Jessie stood staring, and a veil of thought dropped over her eyes. She no longer regarded the two men who were now tinkering at the machine down below there.

"How much have you?" she said.

He thrust his right hand into his pocket and produced six coins, counted them with his left index finger, and held them out to her. "Thirteen four half," said Mr. Hoopdriver. "Every penny."

"I have half a sovereign," she said. "Our bill wherever we stop--" The hiatus was more eloquent than many words.

"I never thought of money coming in to stop us like this," said Jessie.

"It's a juiced nuisance."

"Money," said Jessie. "Is it possible--Surely! Conventionality!

May only people of means--Live their own Lives? I never thought ..."

Pause.

"Here's some more cyclists coming," said Mr. Hoopdriver.

The two men were both busy with their bicycle still, but now from among the trees emerged the massive bulk of a 'Marlborough Club' tandem, ridden by a slender woman in grey and a burly man in ?

Norfolk jacket. Following close upon this came lank black figure in a piebald straw hat, riding a tricycle of antiquated pattern with two large wheels in front. The man in grey remained bowed over the bicycle, with his stomach resting on the saddle, but his companion stood up and addressed some remark to the tricycle riders. Then it seemed as if he pointed up hill to where Mr.

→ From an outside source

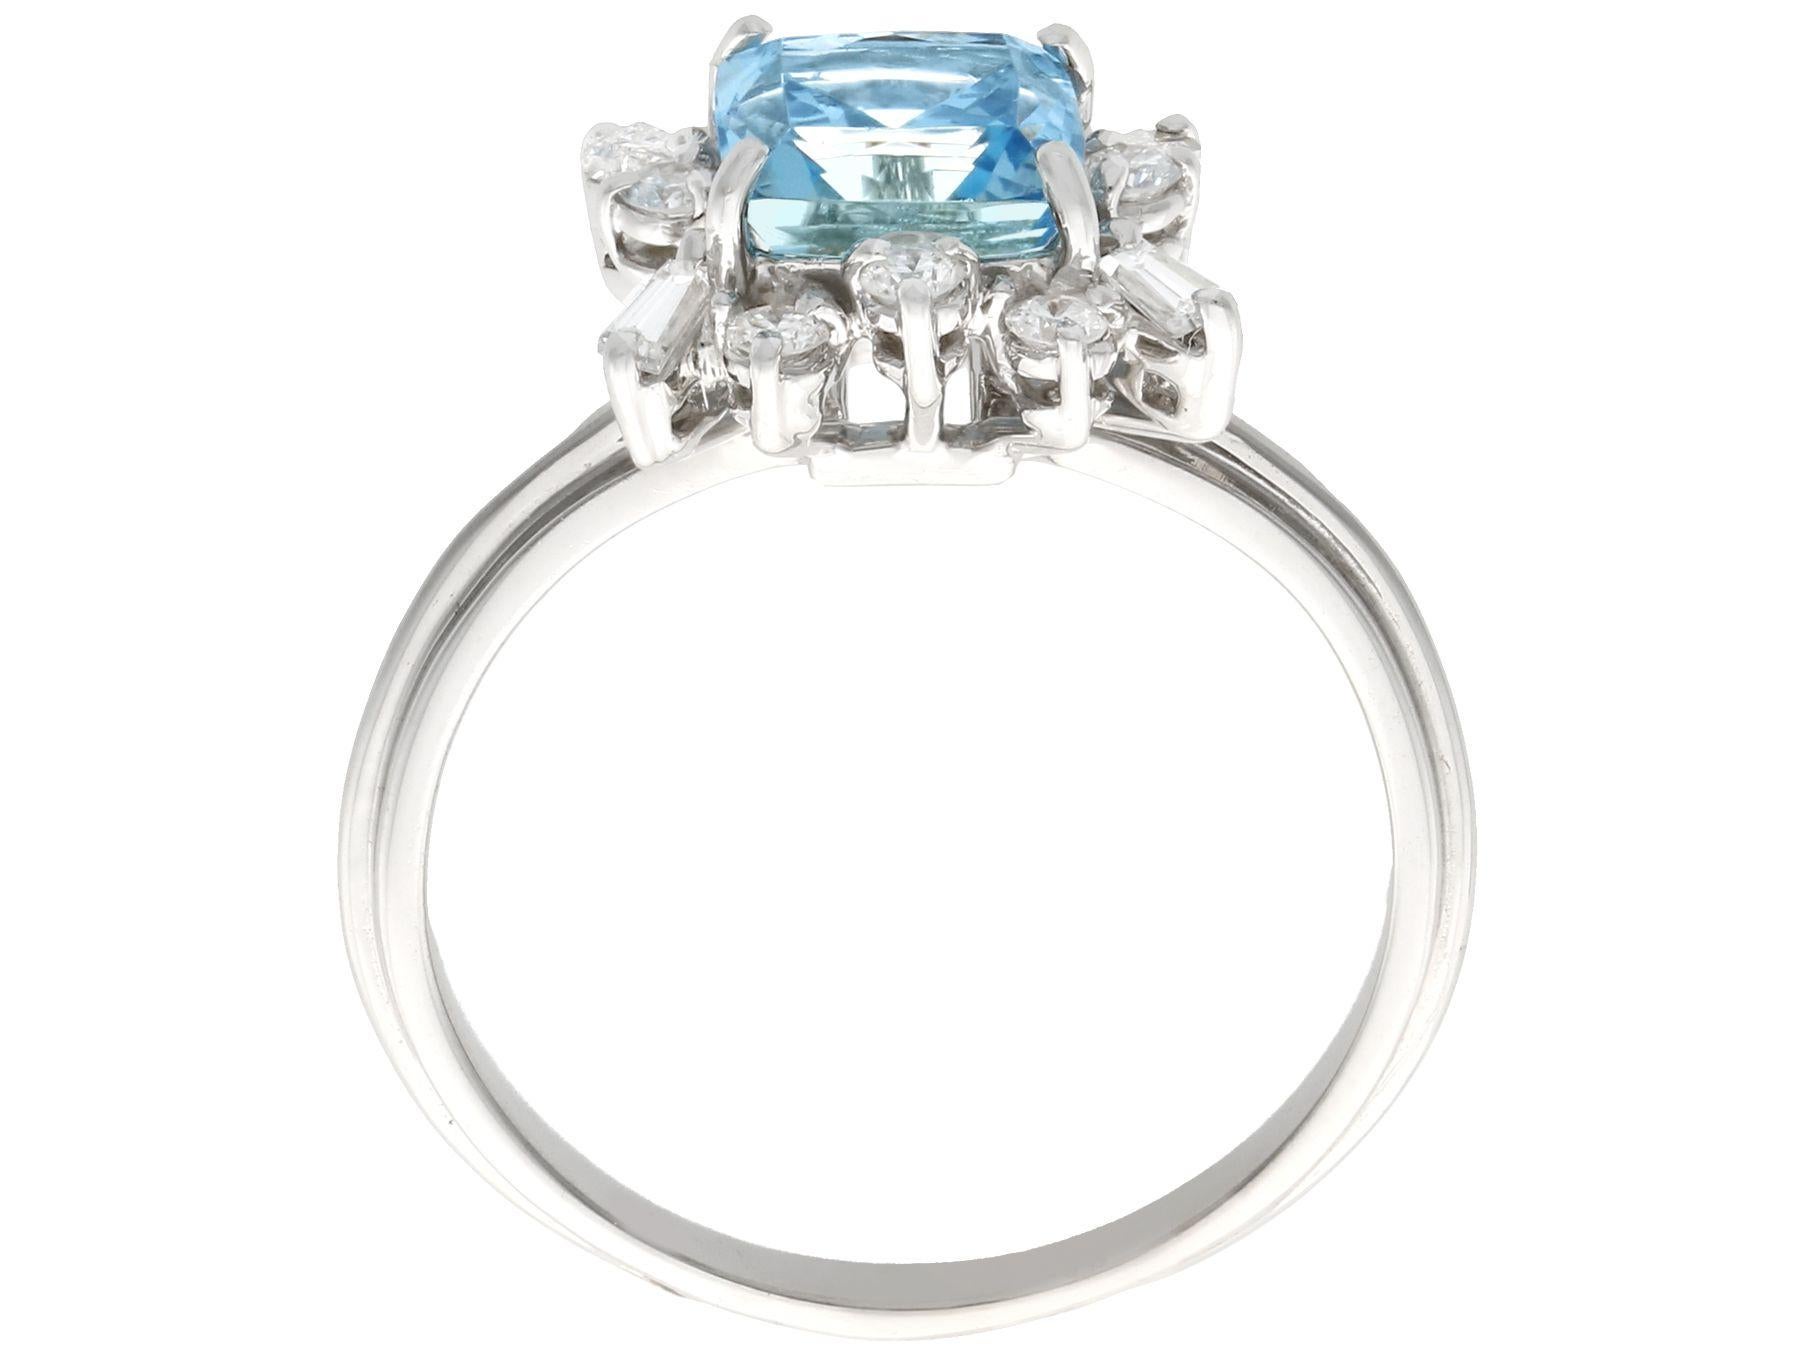 Vintage 1.77 Carat Aquamarine and Diamond White Gold Cocktail Ring In Excellent Condition For Sale In Jesmond, Newcastle Upon Tyne

Hoopdriver and his companion stood side by side. A still odder thing followed; the lady in grey took out her handkerchief, appeared to wave it for a moment, and then at a hasty motion from her companion the white signal vanished.

"Surely," said Jessie, peering under her hand. "It's never--"

The tandem tricycle began to ascend the hill, quartering elaborately from side to side to ease the ascent. It was evident, from his heaving shoulders and depressed head, that the burly gentleman was exerting himself. The clerical person on the tricycle assumed the shape of a note of interrogation. Then on the heels of this procession came a dogcart driven by a man in a billycock hat and containing a lady in dark green.